Thursday, May 28, 2020

Making a Record during a Pandemic





I'm constitutionally unable to sit still. In times like these, that comes in handy. Some folks are a little on edge whether because of boredom or frustration or anger.

I figure it's a good time to get projects done.

The beauty of DIY is you're not stuck as you would be if you've been recording at someone's studio and are now locked out and waiting for the ok to restart. The downside is you have no excuse to put it off, and it will be calling you as you sit on the couch asking why you're not fixing the guitar part or recording the lead vocal because the scratch vocal sucks!

Because I don't like how I sound right now, ok? Stop bugging me.

I bring that up only because I've got ONE song that's been kicking my butt. The rest of the tune is finished, sounds good, and is tired of waiting for me to get it together. My answer was to move onto another song (which went without a hitch. Figures, right?) 

The other thing that DIY gives you is the ability to hone your sound, which is both important and misunderstood. Perhaps the biggest is that you have to sound like a record maee at a big time studio with every resource available. You will not sound like that. You just won't. And recording software has its own sound, though people will argue that, but if you're using plug-ins versus using outboard gear like guitars and keyboards, then you're using the sound signature that they created, and there's nothing wrong with that if you like the sound.

Finally, I go by the simple rule that so long as it's clean and as clear as you want-can the voices and instruments be heard-then it's fine. Will there be comments or criticism? Always, but that's the norm, and like all creative ventures you won't please everyone.

There are times I wish I had the access and opportunities that big acts have to make the record I hear in my head. But they too have to justify and recoup those costs, because people got to be paid and record labels never forget.

So, you do your own thing and own it, be proud of it, and if you get any blowback remember this appropriate retort:

What do they know?

©2020 David William Pearce

Monday, May 11, 2020

Waiting is the Hardest Part...



I started this a month ago, became even more depressed and...

It looks like this will be a lost year for performers... and not just the megastars whose tours have been cancelled or postponed.

All of us. Even the lowly open mic'ers.

It's possible small shows, small gatherings might be allowed later in the year, but bigger shows might not happen till next year assuming some sort of reliable treatment or vaccine. So it's goodbye concerts, sporting events, festivals, big weddings, all the stuff people love getting together for. But don't worry, the joy boys running the show assure us that someday, somewhere, it'll all be ok again.

None of them, I might add, are losing their livelihoods, connections, businesses.
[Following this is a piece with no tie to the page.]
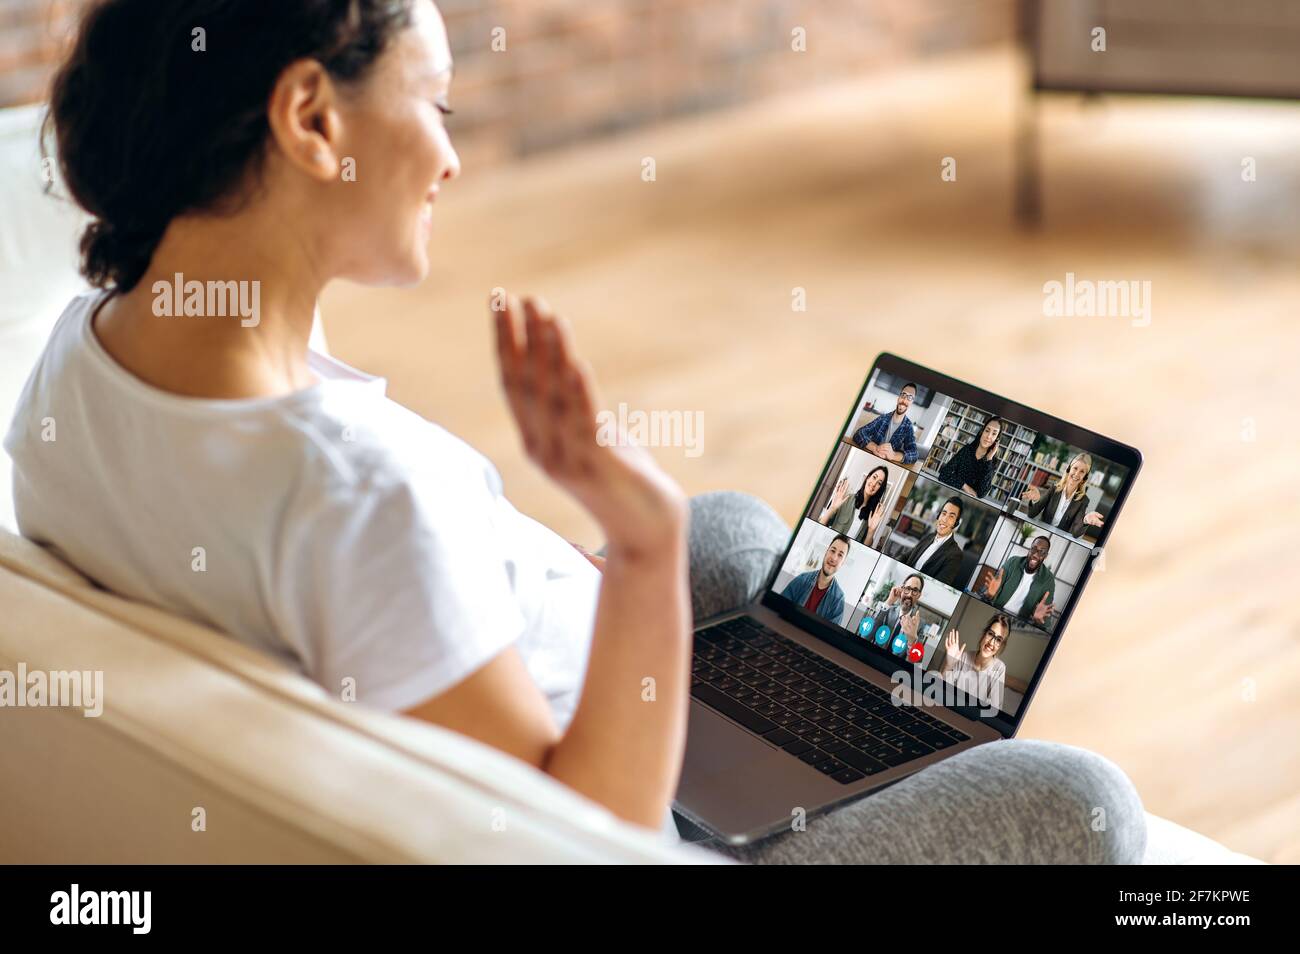 Lavoro remoto, comunicazione online. Una donna incinta usa un computer portatile, comunica con i colleghi tramite videochiamata mentre si siede a casa sul divano, saluta gli interlocutori con un gesto della mano, sorride Foto Stock

They are the ones who did little to protect us in the first place.

Am I angry?

It would seem so.

A month later...

Now I'm thinking maybe June or July...

Until then we have Zoom, which is deeply imperfect for concerts, foremost being that you have to have a setup that is designed for music rather than chat, which is the default for Zoom. That means you have to have a good (decent) interface...




This is mine.

...Which, ironically because of disrupted supply chains and manufacturing interruptions, means they're hard to come by.

Jimminy Cricket!

I participated in a round-robin Zoom concert a week ago and, all in all, it went well-not perfect-but well. And as you would expect, there were issues with internet connectivity, sound quality, camera quality-older phones and computers do not offer clarity in picture quality- which may determine how much effort you want to put into how you look and how well people will be able to see you.

All in all.

It's better than nothing, but it's nothing like playing for real people rather than the computer with images of people on it.

I don't like it.

But... it's what we've got for now.

©2020 David William Pearce

Friday, April 10, 2020

End of an Era



The CD Baby store is no more. Aghast nobodies, and semi-nobodies such as yours truly, are now left bereft of a place in which to send their many passionate fans to sate their unquenchable desire for our latest product. This means if I want to move any product, or my music as I sometimes call it, I must do so myself.
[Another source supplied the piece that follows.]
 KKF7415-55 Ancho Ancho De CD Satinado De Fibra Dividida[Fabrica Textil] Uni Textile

I am deeply ambivalent about this.

I am not a naturally born salesman, and if I were, I would have don't much better the couple of months I sold vacuums back in the bad old days before I realized I wouldn't become the next Peter Gabriel, and went back to engineering. I did write and record in yon days, but I had no way to turn that into any recognizable product that I thought might appeal or sell to the general public.

Fast forward many years.

Like many thousands of artists, I glommed on to the CD Baby bandwagon (huh, huh, get it?) and did poorly, but I did have some sales both physical and digital, and I'm sorta maybe kinda known at this point in my late blooming career. I retired from engineering after 40 years, if you're curious. Now, as I still maintain my own website, mrprimitivemusic.com, it is incumbent upon me to figure this out and setup my own bustling e-commerce page.

I'm not thrilled, but it may be the only way to unload the remaining CDs I have outside of giving them away or gifting their disposal on my kids once I depart this mortal coil. On the plus side, I have resisted the urge to purchase many things like T-shirts and other geegaws that I have no plausible way of unloading without taking a financial bath. To that end, I feel for the struggling bands that loaded up for tours that have now been cancelled and the merc they may not be able to sell and the money they were counting on from those sales.
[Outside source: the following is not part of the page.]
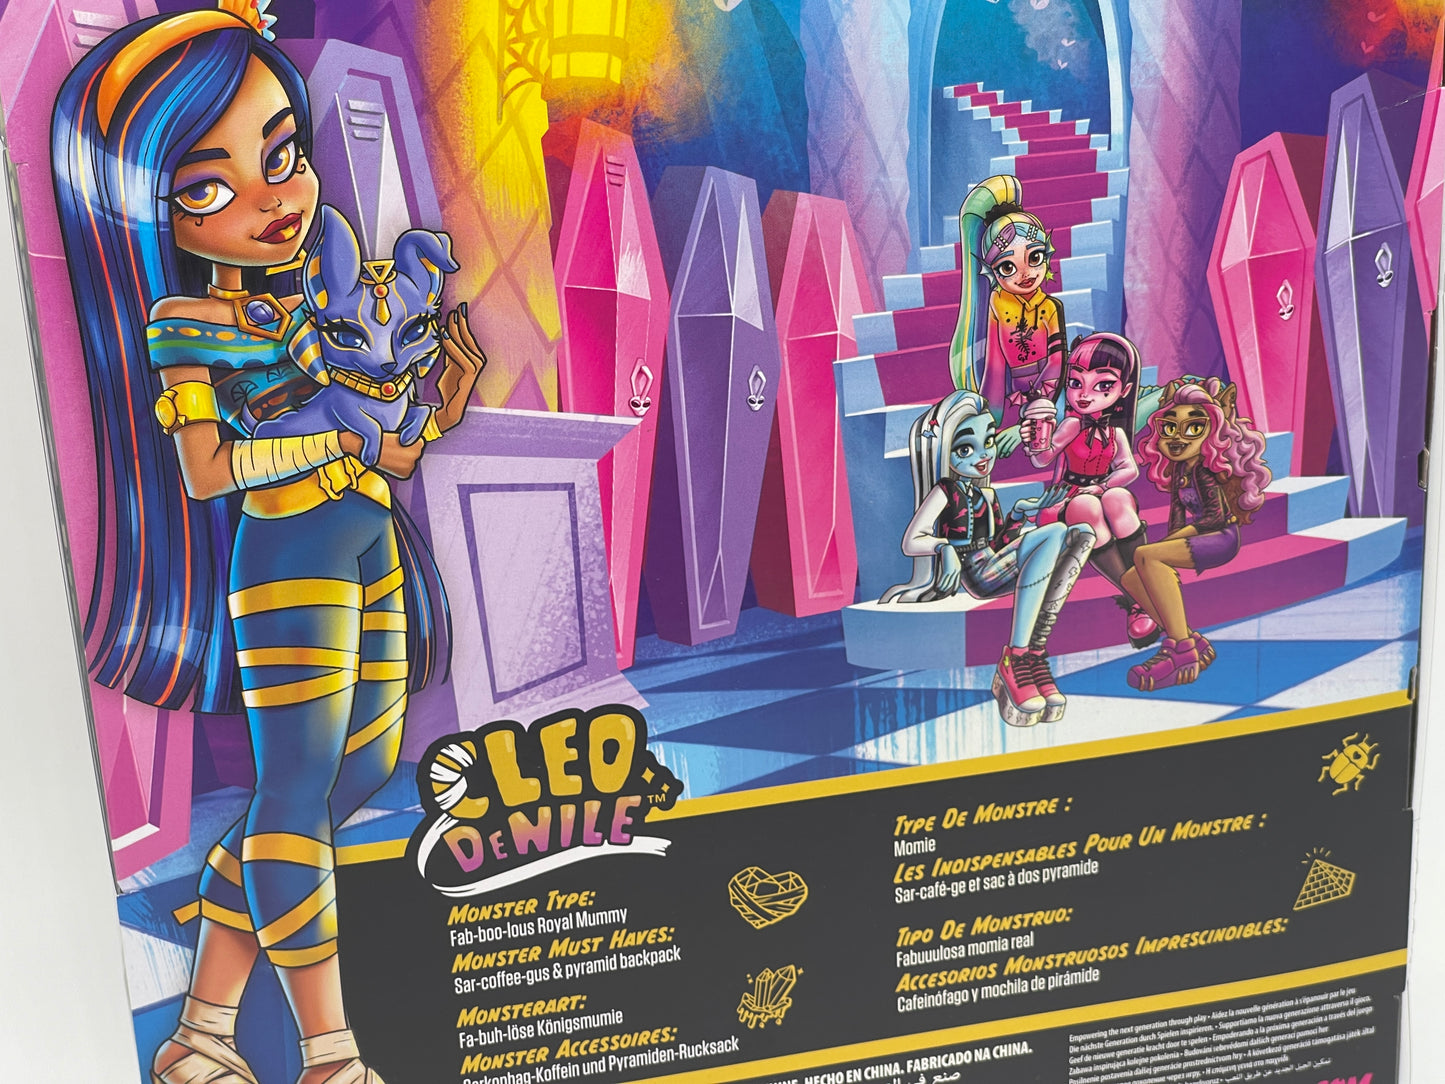 Monster High "Cleo de Nile mit Tut" Reboot, Mattel (2022)

However, if I somehow get my s**t together it may be possible for some of you, if so inclined to buy an autographed CD from yours truly, the artist.

Again, maybe.

©2020 David William Pearce

Wednesday, April 1, 2020

We're All the Same...





If nothing else, with most of us practicing social distancing, the contagion has shown us all to be pretty much the same.

What am I talking about?

In this case performers, singers, songwriters.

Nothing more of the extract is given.